Intest Res ; 20(3): 303-312, 2022 Jul.
Article in English | MEDLINE | ID: mdl-34333909

ABSTRACT

BACKGROUND/AIMS: We assessed the effectiveness of anti-TNF agents and its associated factors to prevent endoscopic and clinical postoperative recurrence (POR) in Crohn's disease (CD). METHODS: From a prospectively-maintained database, we retrieved 316 CD patients who underwent intestinal resection (2011-2017). Endoscopic (Rutgeerts index ≥ i2 at 6 months) and clinical (recurrence of symptoms leading to hospitalization or therapeutic escalation) POR were assessed.
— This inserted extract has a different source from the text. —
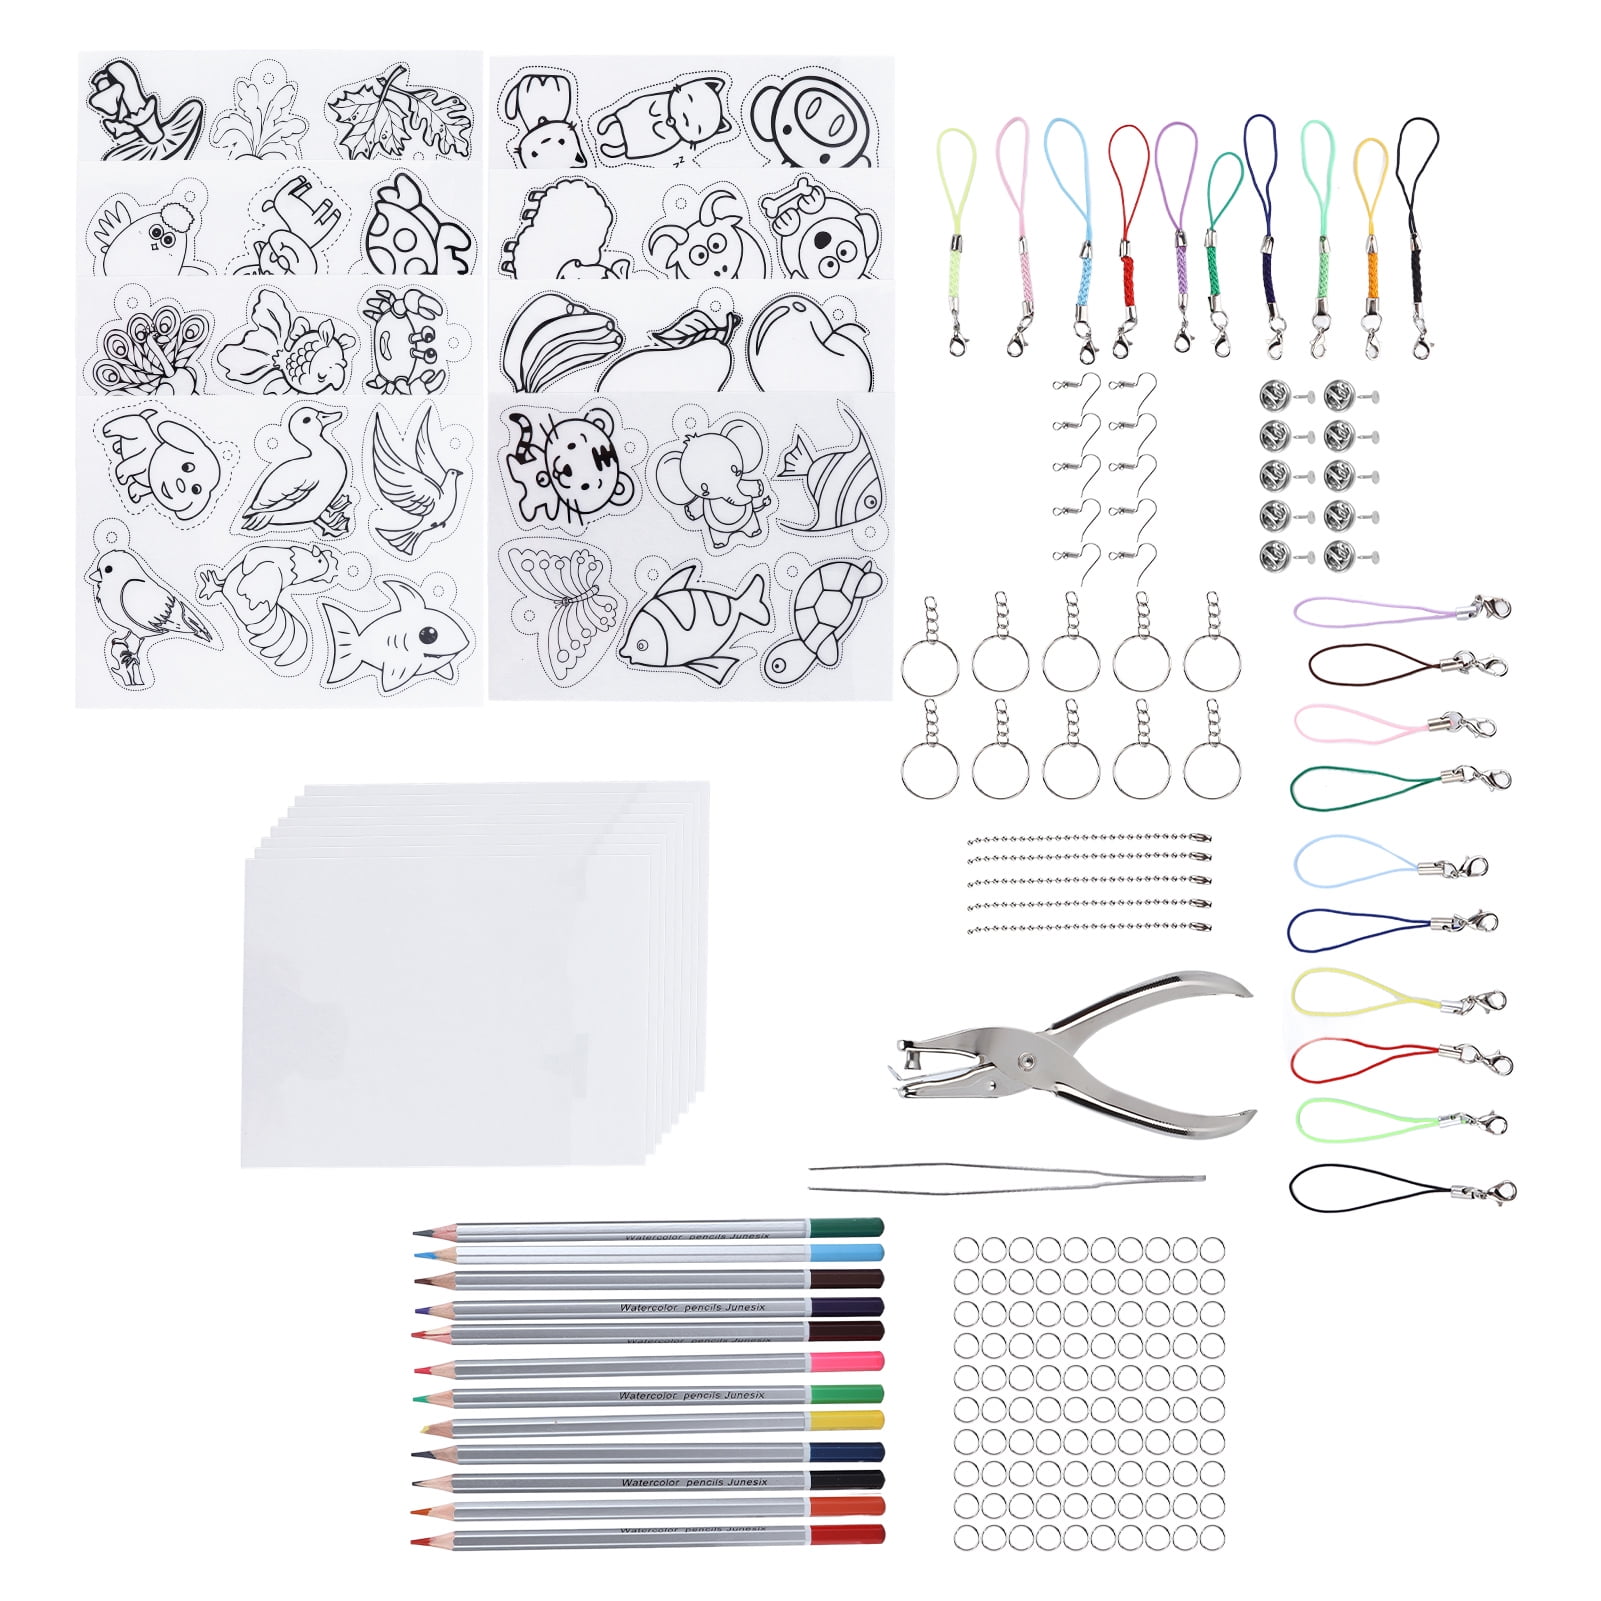 shynek Shrinky Sheets Kit, 125Pcs Heat Shrink Plastic Sheet Kit Including  20 Pcs Shrinky Art Paper, Hole Punch, Pencils
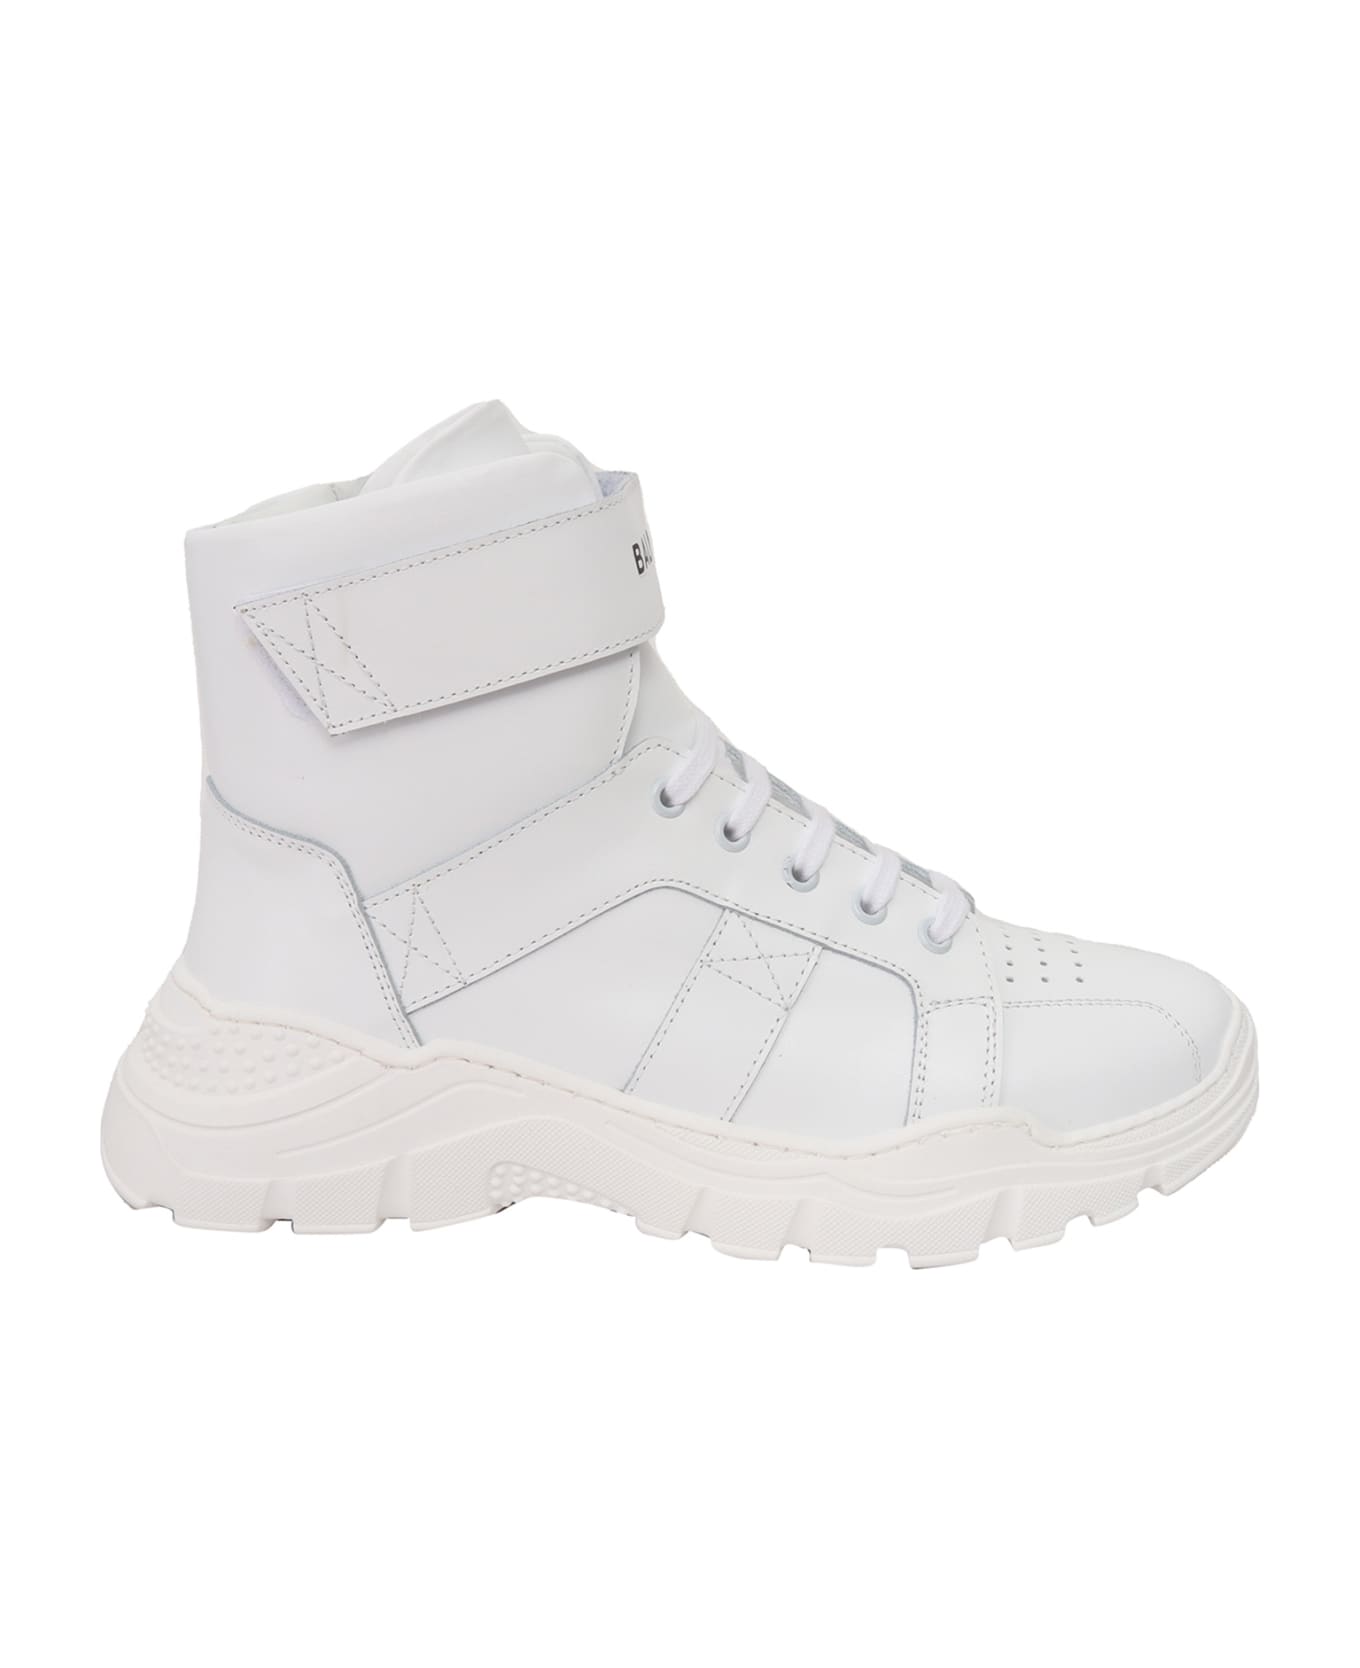 Balmain High Top Sneakers - WHITE

RESULTS: In 117 anti-TNF-naïve patients, anti-TNF therapy was more effective than immunosuppressive agents (odds ratio [OR], 8.8; 95% confidence interval [CI], 1.8-43.9; P= 0.008) and no medication/5-aminosalicylates (OR, 5.2; 95% CI, 1.0-27.9; P= 0.05) to prevent endoscopic POR. In 199 patients exposed to anti-TNF prior to the surgery, combination with anti-TNF and immunosuppressive agents was more effective than anti-TNF monotherapy (OR, 2.32; 95% CI, 1.02-5.31; P= 0.046) to prevent endoscopic POR. Primary failure to anti-TNF agent prior to surgery was predictive of anti-TNF failure to prevent endoscopic POR (OR, 2.41; 95% CI, 1.10-5.32; P= 0.03). When endoscopic POR despite anti-TNF prophylactic medication (n = 55), optimizing anti-TNF and adding an immunosuppressive drug was the most effective option to prevent clinical POR (hazard ratio, 7.38; 95% CI, 1.54-35.30; P= 0.012). Anti-TNF therapy was the best option to prevent clinical POR (hazard ratio, 3.10; 95% CI, 1.09-8.83; P= 0.034) in patients with endoscopic POR who did not receive any biologic to prevent endoscopic POR (n = 55). CONCLUSIONS: Anti-TNF was the most effective medication to prevent endoscopic and clinical POR. Combination with anti-TNF and immunosuppressive agents should be considered in patients previously exposed to anti-TNF.